Hi guys,
I want some figures of tss/tes distribution so i mapped my reads from rna-seq on transcripts (22k transcripts). The transcripts fasta is downloaded from gencode and for each gene i selected the longest transcript isoform. I used transcript header as ID, so i could keep some useful information for downstream analysis.

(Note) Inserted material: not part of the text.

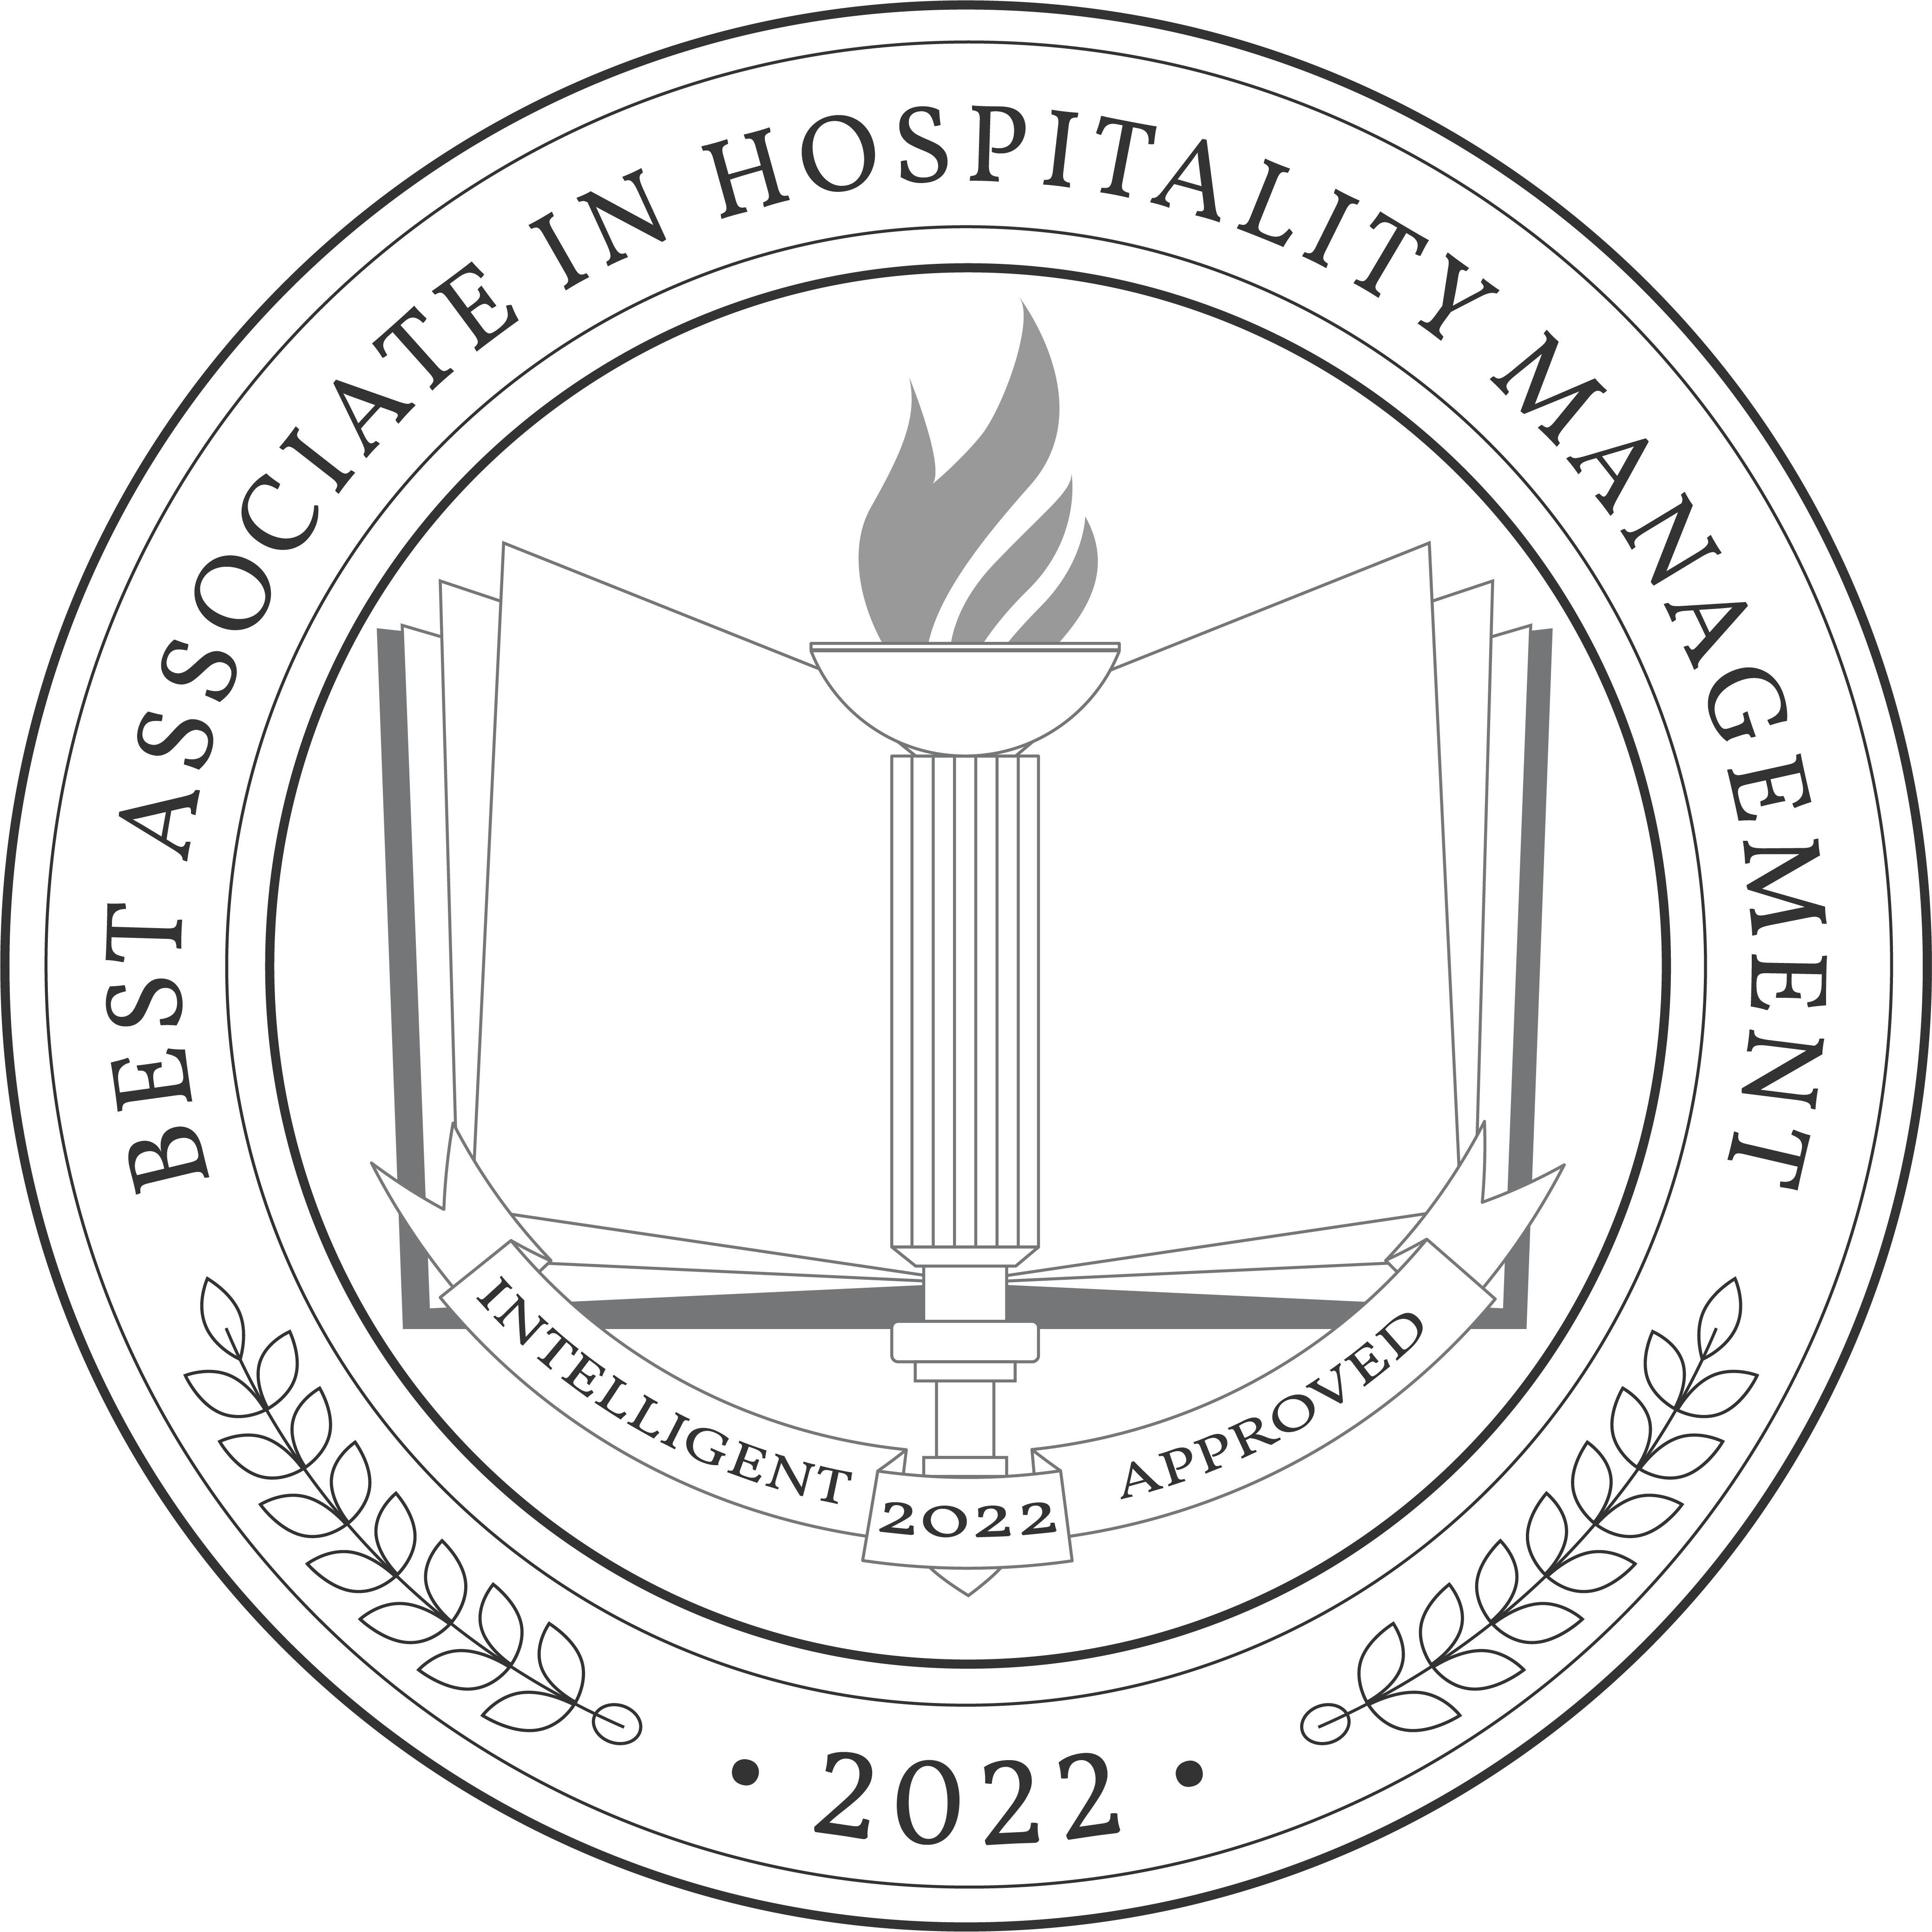 Best Online Associate in Hospitality Management Programs Badge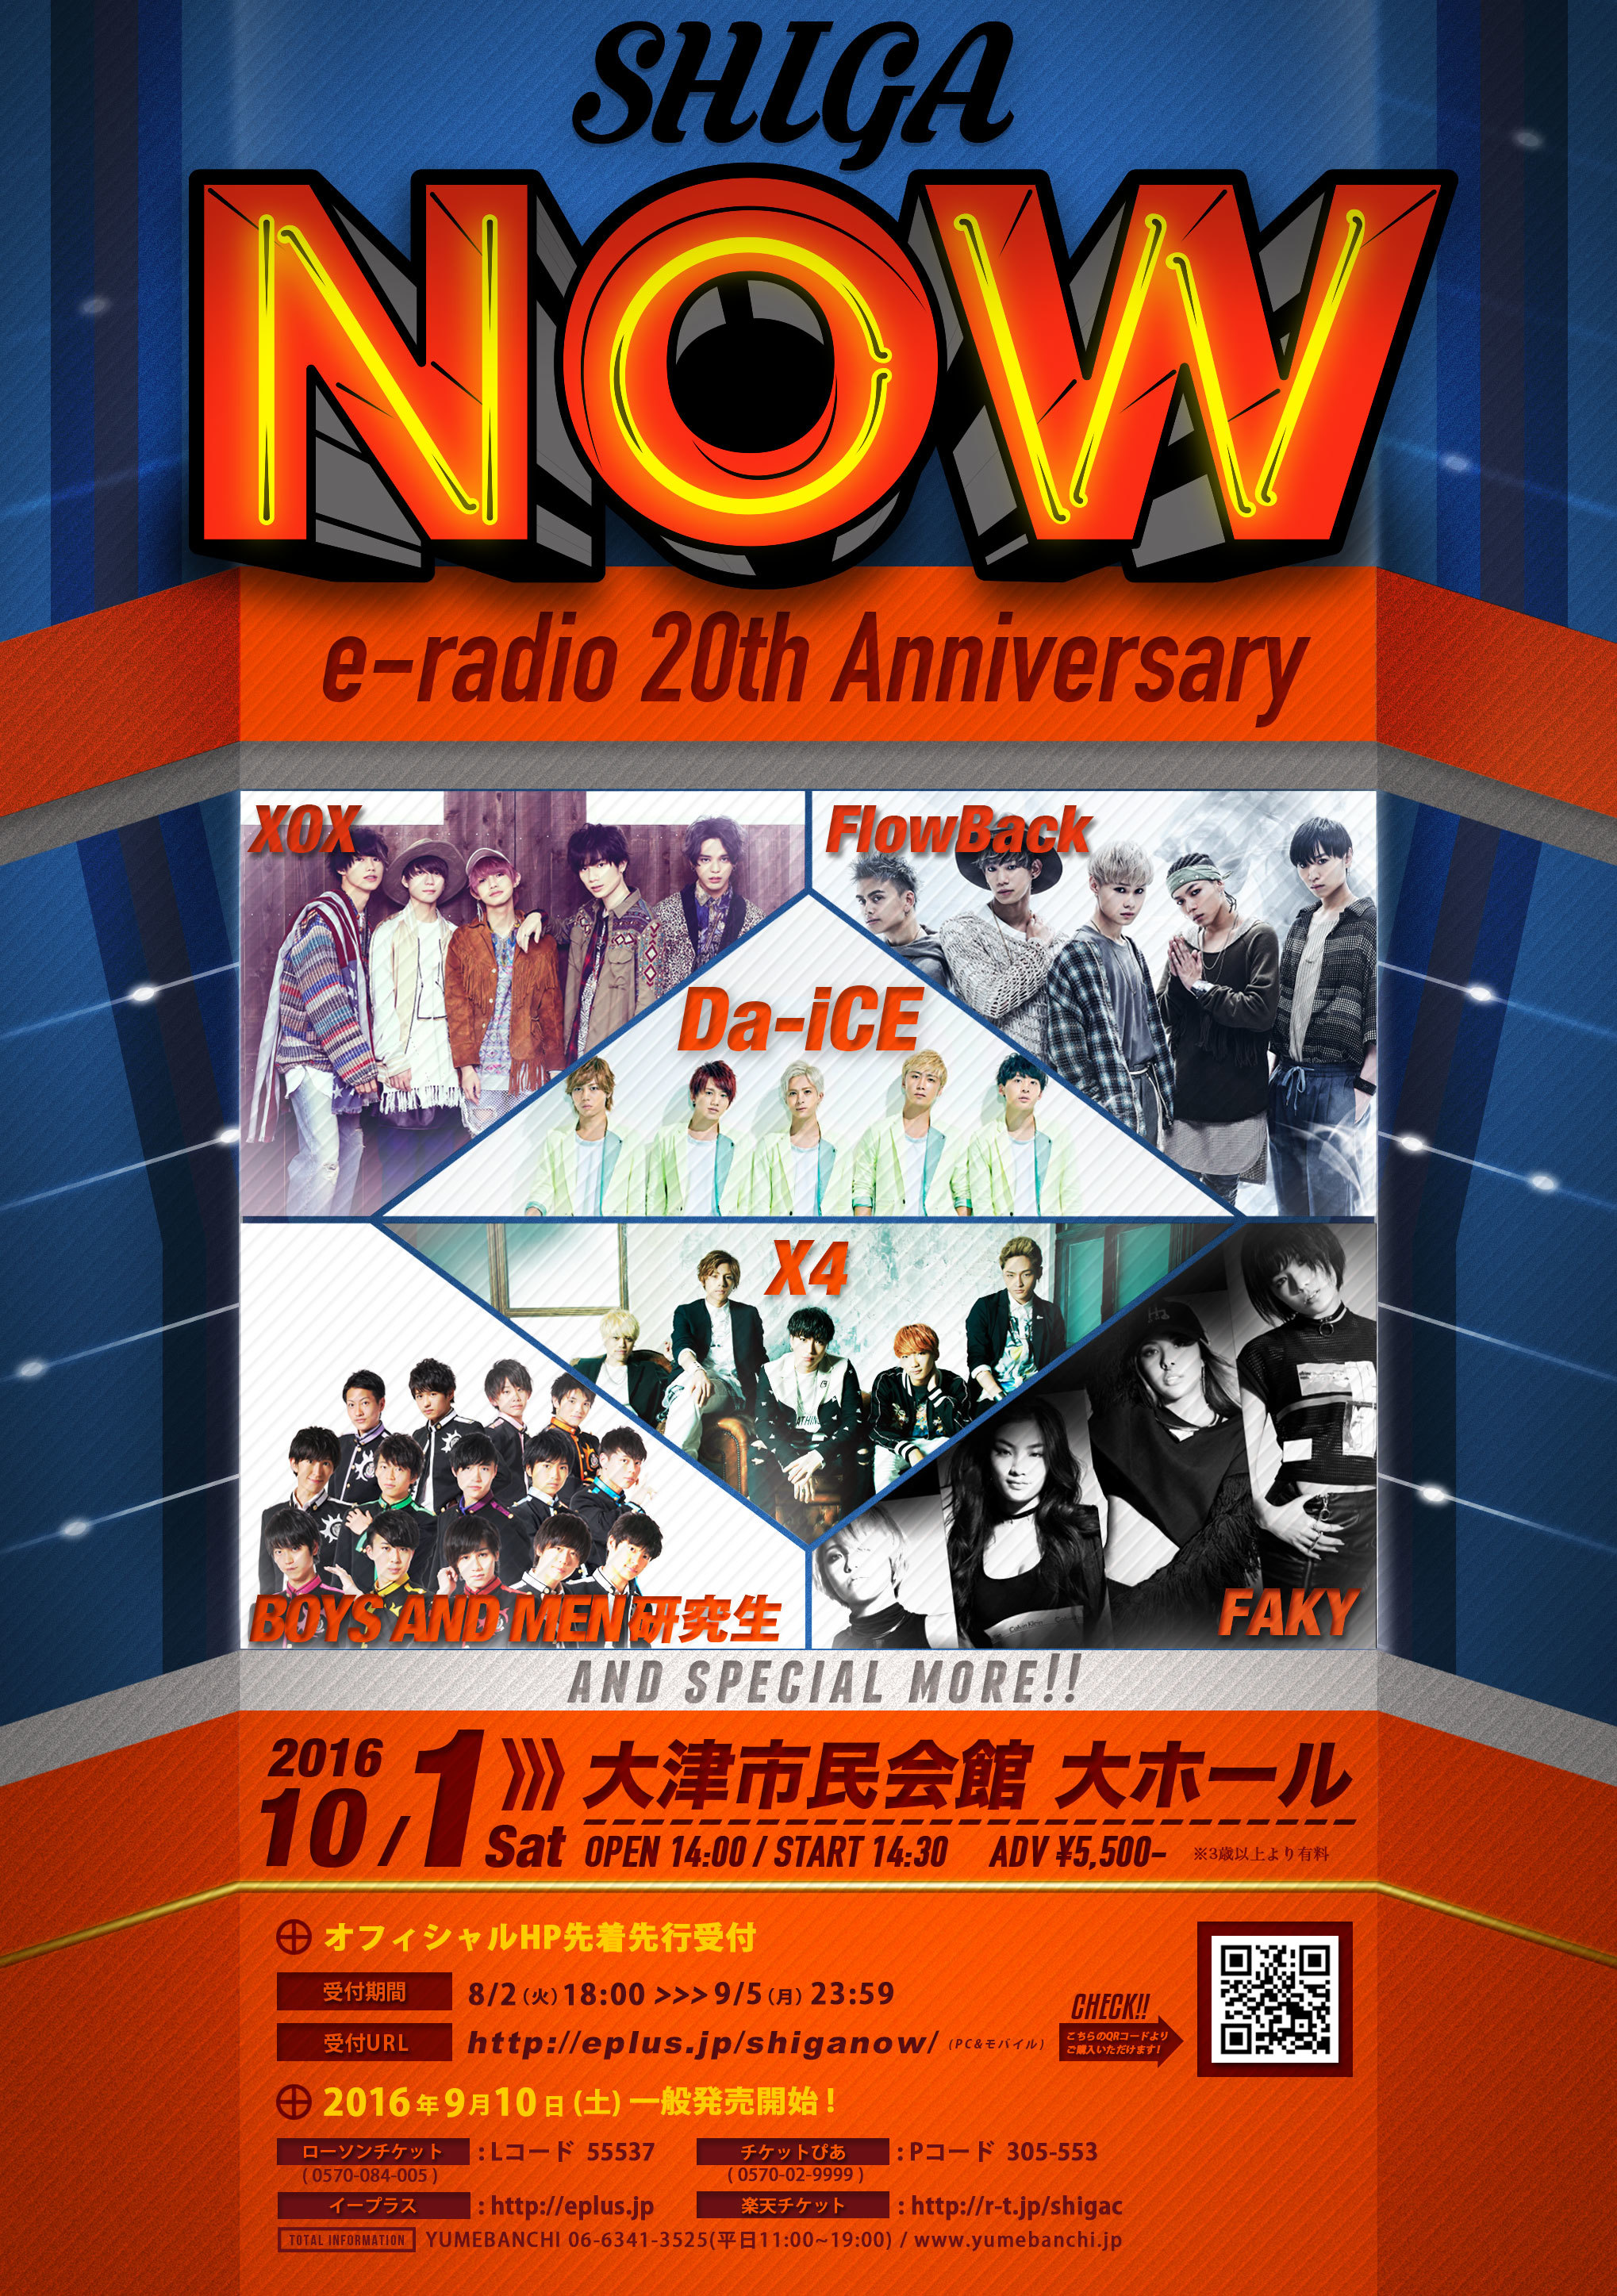 『e-radio 20th Anniversary SHIGA NOW』

But my pb is, when i check the .bed file (converted by bedtools), i found some mapping coordinates exceed the length of transcript, the transcript ENST00000623083.3
has 1687 bps and reads were mapped on position 2546-2621
:
ENST00000623083.3|ENSG00000279457.3|-|-|FO538757.1-202|FO538757.1|**1687**|protein_coding| **2546 2621** NB500892:13:HKCM7BGXX:1:12103:14291:17185 1 - 2546 2621 255,0,0 1 75 0
ENST00000623083.3|ENSG00000279457.3|-|-|FO538757.1-202|FO538757.1|**1687**|protein_coding| **2550 2625** NB500892:13:HKCM7BGXX:1:11204:2849:19931 1 - 2550 2625 255,0,0 1 75 0
ENST00000623083.3|ENSG00000279457.3|-|-|FO538757.1-202|FO538757.1|**1687**|protein_coding| **2564 2639** NB500892:13:HKCM7BGXX:2:13210:21760:16153 1 - 2564 2639 255,0,0 1 75 0
How could this happen? I am totally lost
rna-seq is single-end and i used default parameter for alignment.
Thank you in advance
DId you align in
--local
mode? I guess not, if you use default parameters, but worth asking.If not, perhaps you could check, for all the reads that map on that transcript into your SAM file, the rightmost mapping position (field 4+read_length). If the numbers exceed the transcript length also there, then it's a mapping problem. If they don't, it's a conversion problem.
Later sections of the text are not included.